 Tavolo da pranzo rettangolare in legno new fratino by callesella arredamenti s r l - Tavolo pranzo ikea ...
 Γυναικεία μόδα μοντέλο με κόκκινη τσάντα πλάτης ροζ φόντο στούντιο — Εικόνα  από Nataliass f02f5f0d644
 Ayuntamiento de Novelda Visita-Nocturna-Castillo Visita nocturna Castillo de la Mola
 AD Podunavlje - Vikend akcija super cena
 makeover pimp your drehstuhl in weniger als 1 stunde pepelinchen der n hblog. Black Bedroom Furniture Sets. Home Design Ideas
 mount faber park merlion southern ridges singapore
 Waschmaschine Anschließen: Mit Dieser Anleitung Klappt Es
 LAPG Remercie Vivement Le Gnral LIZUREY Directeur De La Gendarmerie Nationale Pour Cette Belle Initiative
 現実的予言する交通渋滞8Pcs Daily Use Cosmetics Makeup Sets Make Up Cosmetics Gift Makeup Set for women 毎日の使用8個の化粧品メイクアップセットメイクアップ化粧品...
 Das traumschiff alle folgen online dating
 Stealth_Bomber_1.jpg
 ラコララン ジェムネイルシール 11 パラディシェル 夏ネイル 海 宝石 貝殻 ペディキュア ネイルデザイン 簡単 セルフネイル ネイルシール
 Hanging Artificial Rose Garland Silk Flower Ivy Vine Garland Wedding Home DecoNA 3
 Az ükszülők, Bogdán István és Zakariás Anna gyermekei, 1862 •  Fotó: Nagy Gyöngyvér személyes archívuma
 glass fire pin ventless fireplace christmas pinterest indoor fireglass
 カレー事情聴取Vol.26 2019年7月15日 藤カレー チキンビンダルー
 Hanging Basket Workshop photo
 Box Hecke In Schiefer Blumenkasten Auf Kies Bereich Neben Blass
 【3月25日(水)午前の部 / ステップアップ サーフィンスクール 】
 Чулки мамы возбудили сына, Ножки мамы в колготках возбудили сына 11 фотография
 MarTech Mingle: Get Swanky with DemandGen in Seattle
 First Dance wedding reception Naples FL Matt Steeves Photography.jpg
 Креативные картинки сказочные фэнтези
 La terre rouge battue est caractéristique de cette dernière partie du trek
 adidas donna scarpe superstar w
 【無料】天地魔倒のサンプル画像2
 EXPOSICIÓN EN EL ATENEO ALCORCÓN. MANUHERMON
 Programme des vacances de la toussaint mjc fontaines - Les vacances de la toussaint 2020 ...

#### Task details
Count the lines of the listing above that include the word "Hanging" and report the number by itself.

#### Solution below
2